§ **MATERIAL PROVIDED**

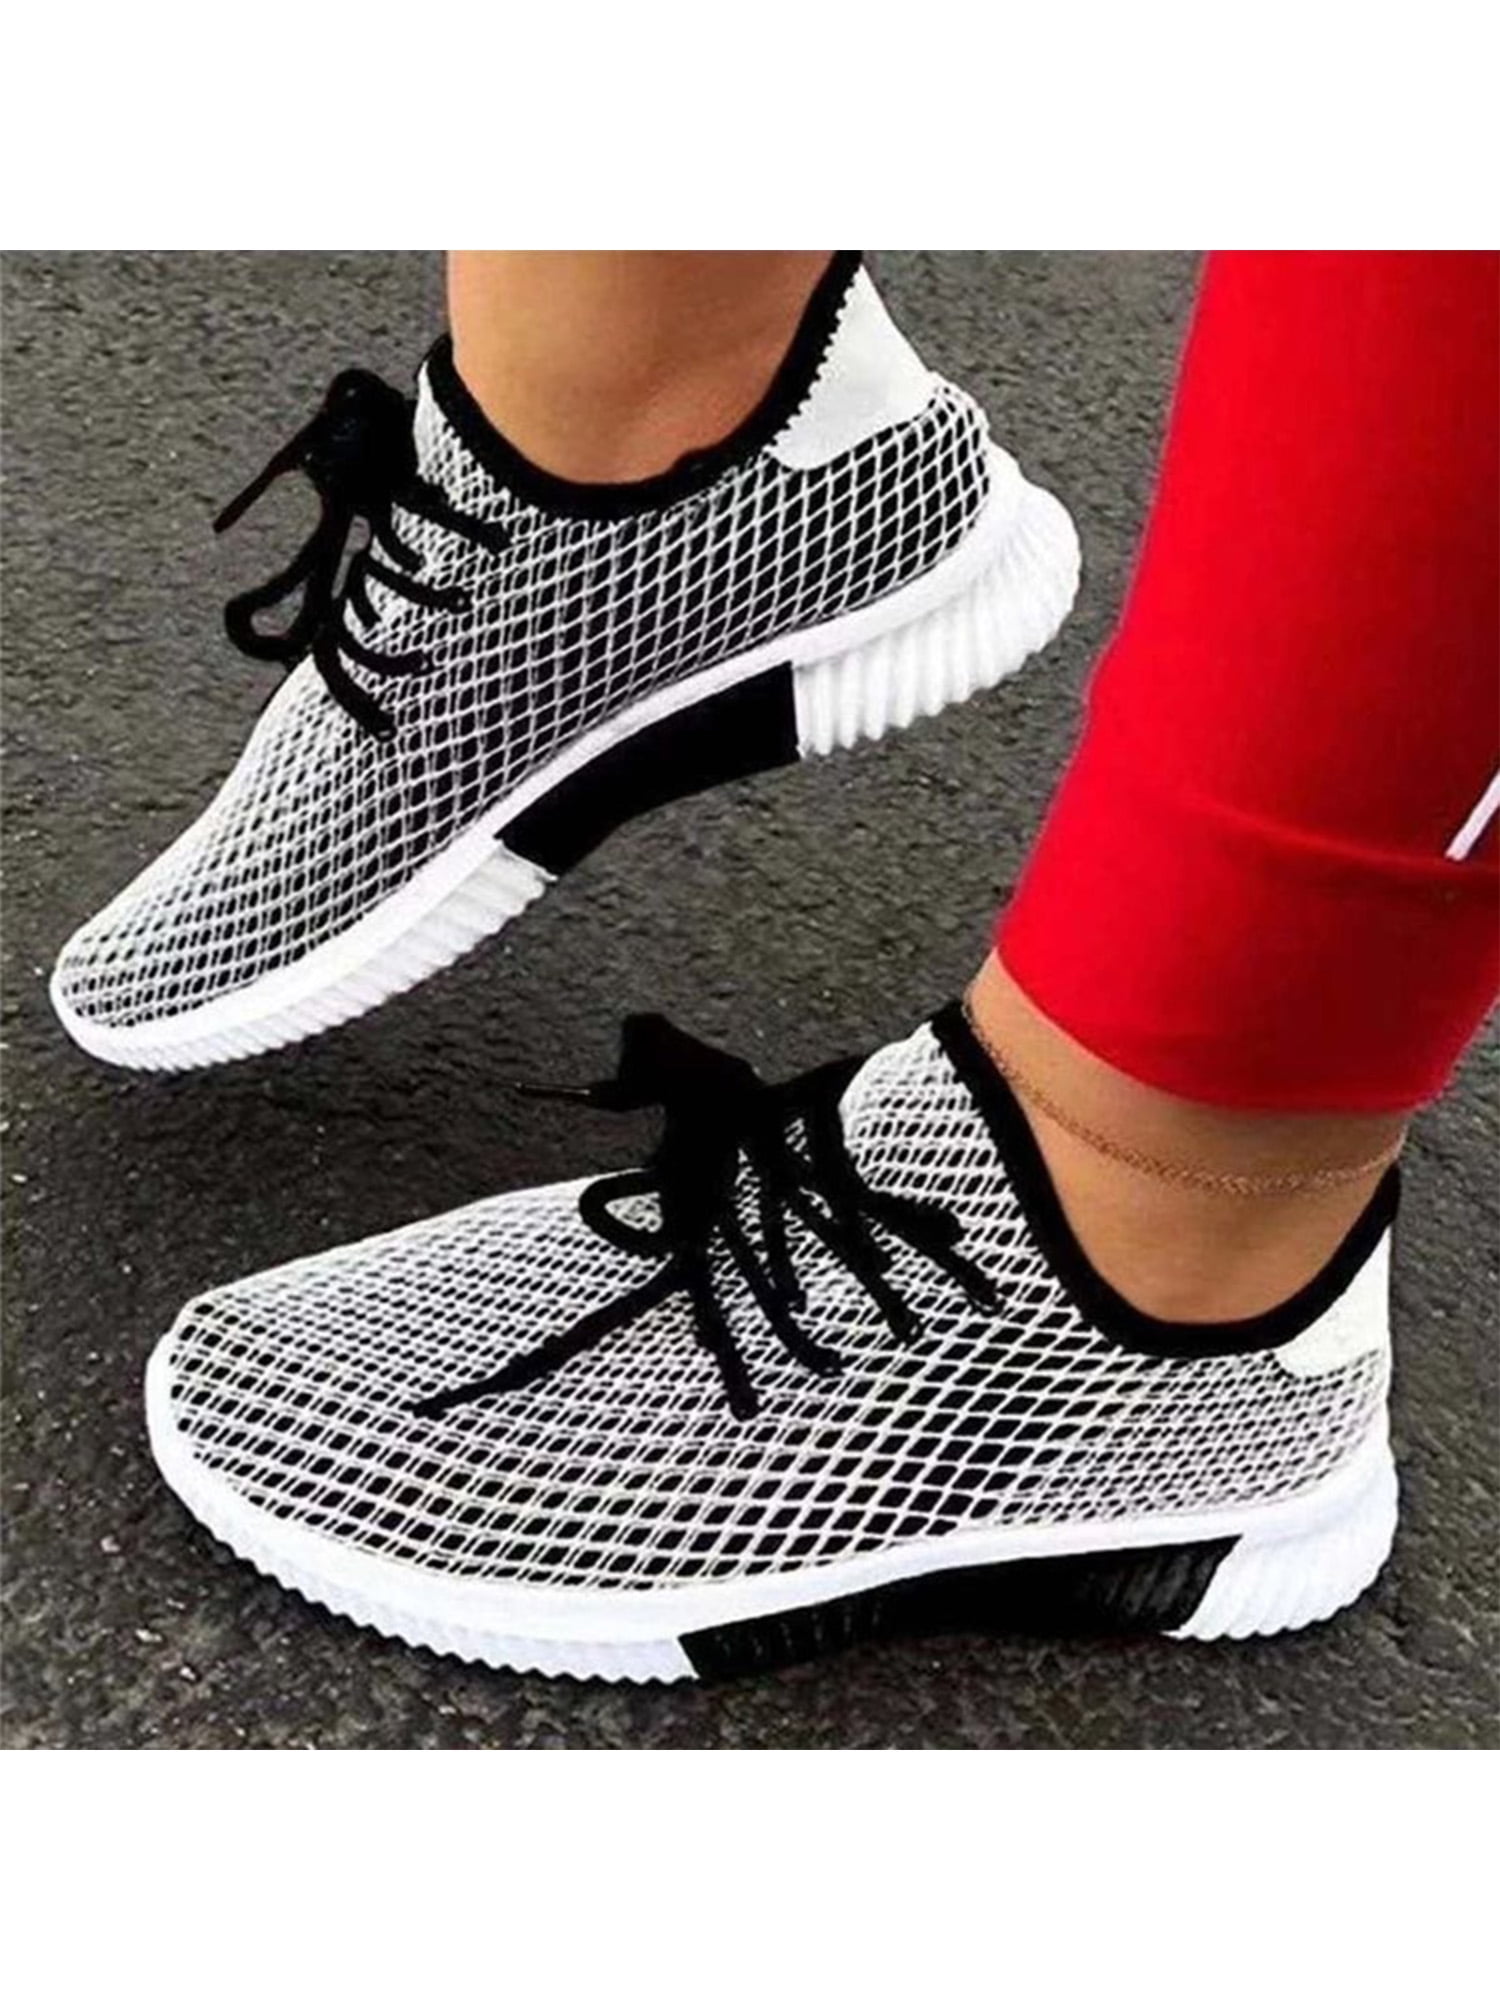 Sneakers Shoes Training Running Womens Fitness Casual Walking Athletic 
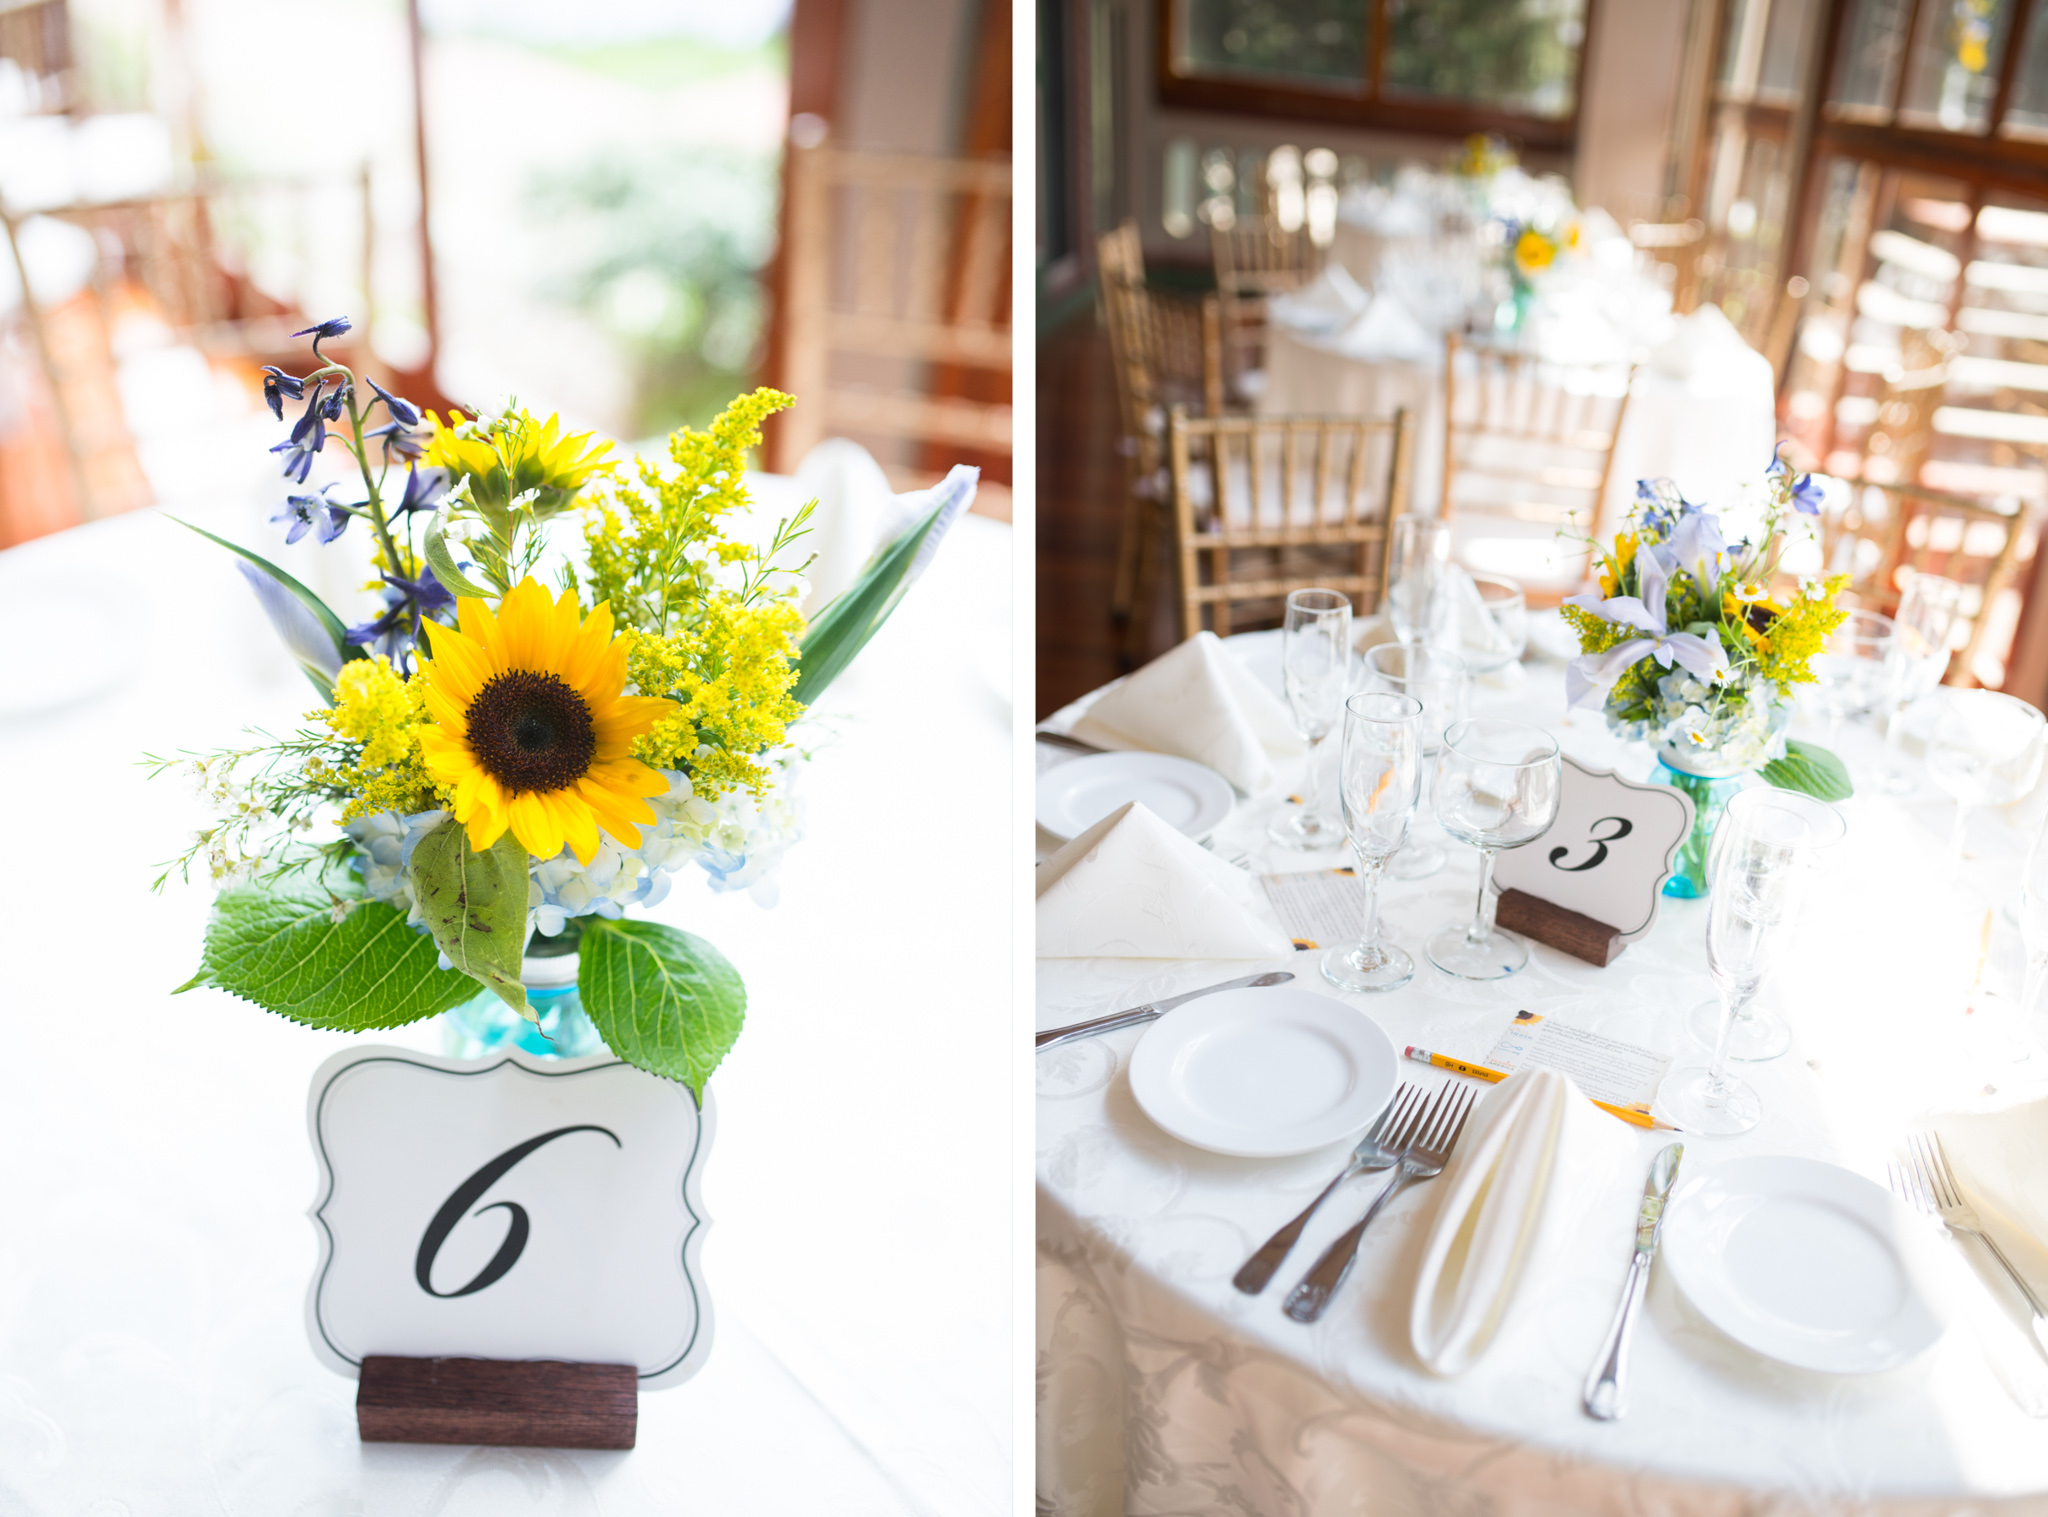 Mike+Alyssa - Cape May Southern Mansion Wedding - Sunflower Centerpieces photo
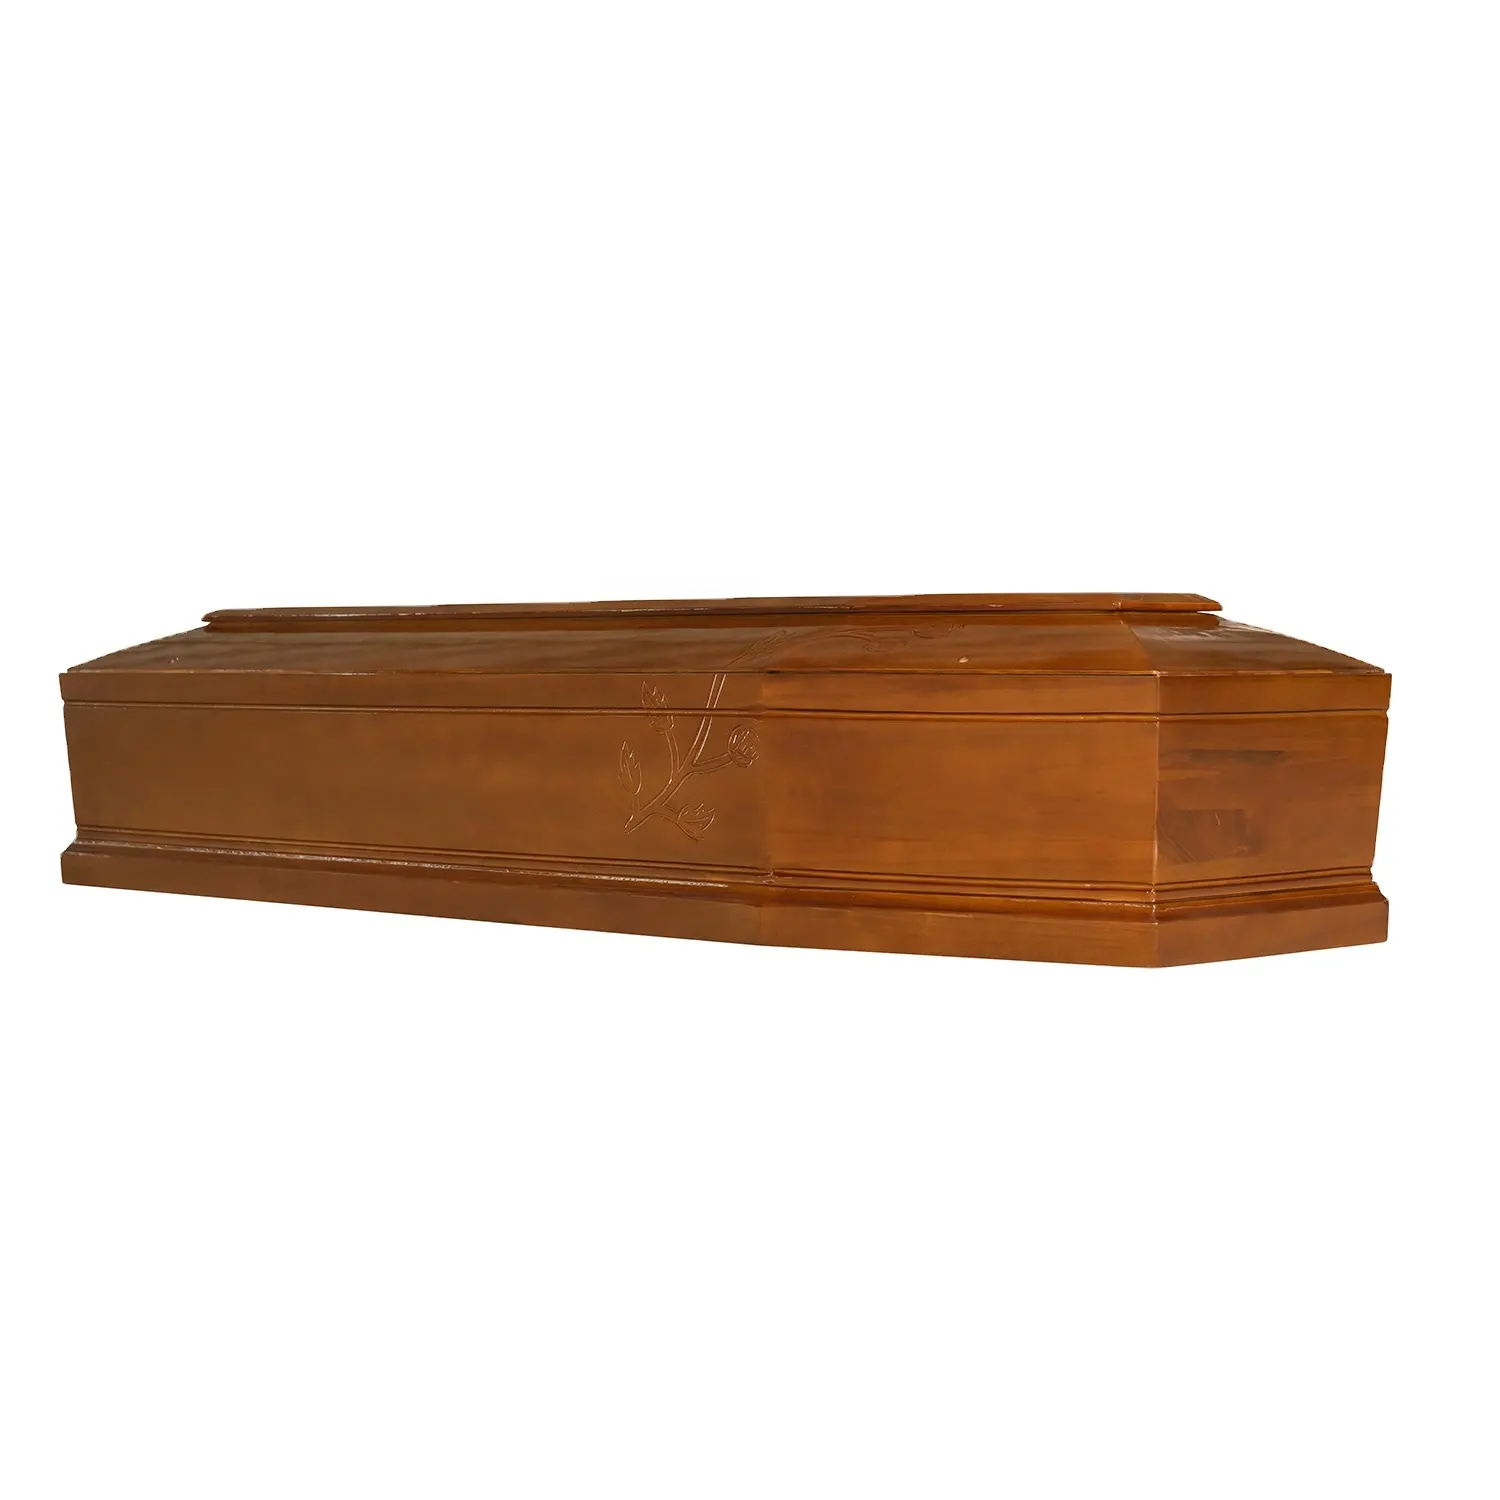 Lady Mary Italian style oak wood coffin Funeral Solid Wood burial vault combo bed Wood casket and coffin box Cremation coffin
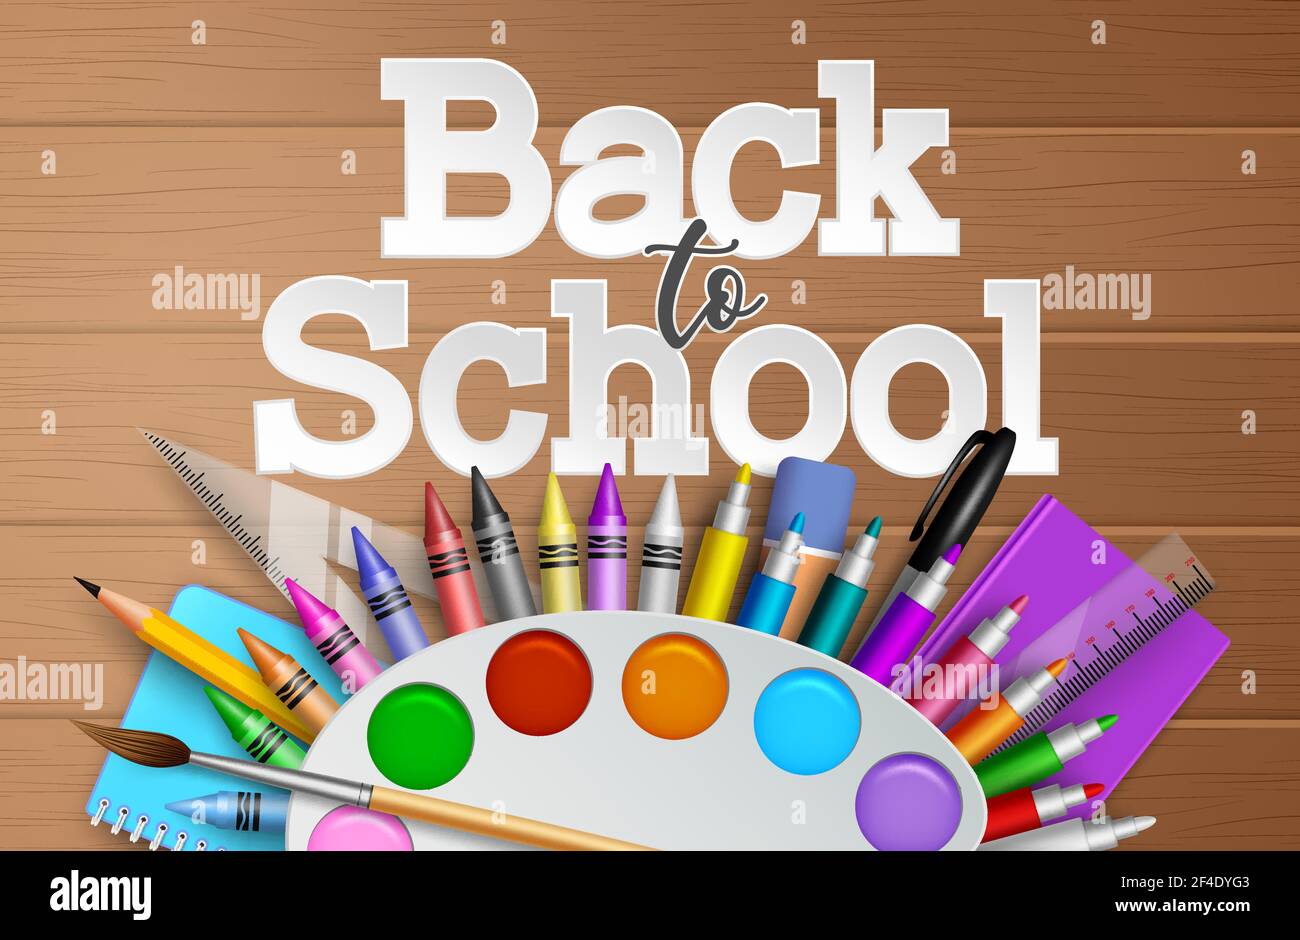 Back to school vector banner background. Back to school text with coloring and painting education elements like paint, crayons and color pen for art. Stock Vector

§ **YOUR GOAL**
Transcribe the full listing exactly, but keep every image out of it.

§ **TASK ANSWER**
 Sneakers Shoes Training Running Womens Fitness Casual Walking Athletic 
 Mike+Alyssa - Cape May Southern Mansion Wedding - Sunflower Centerpieces photo
 Lady Mary Italian style oak wood coffin Funeral Solid Wood burial vault combo bed Wood casket and coffin box Cremation coffin
 Back to school vector banner background. Back to school text with coloring and painting education elements like paint, crayons and color pen for art. Stock Vector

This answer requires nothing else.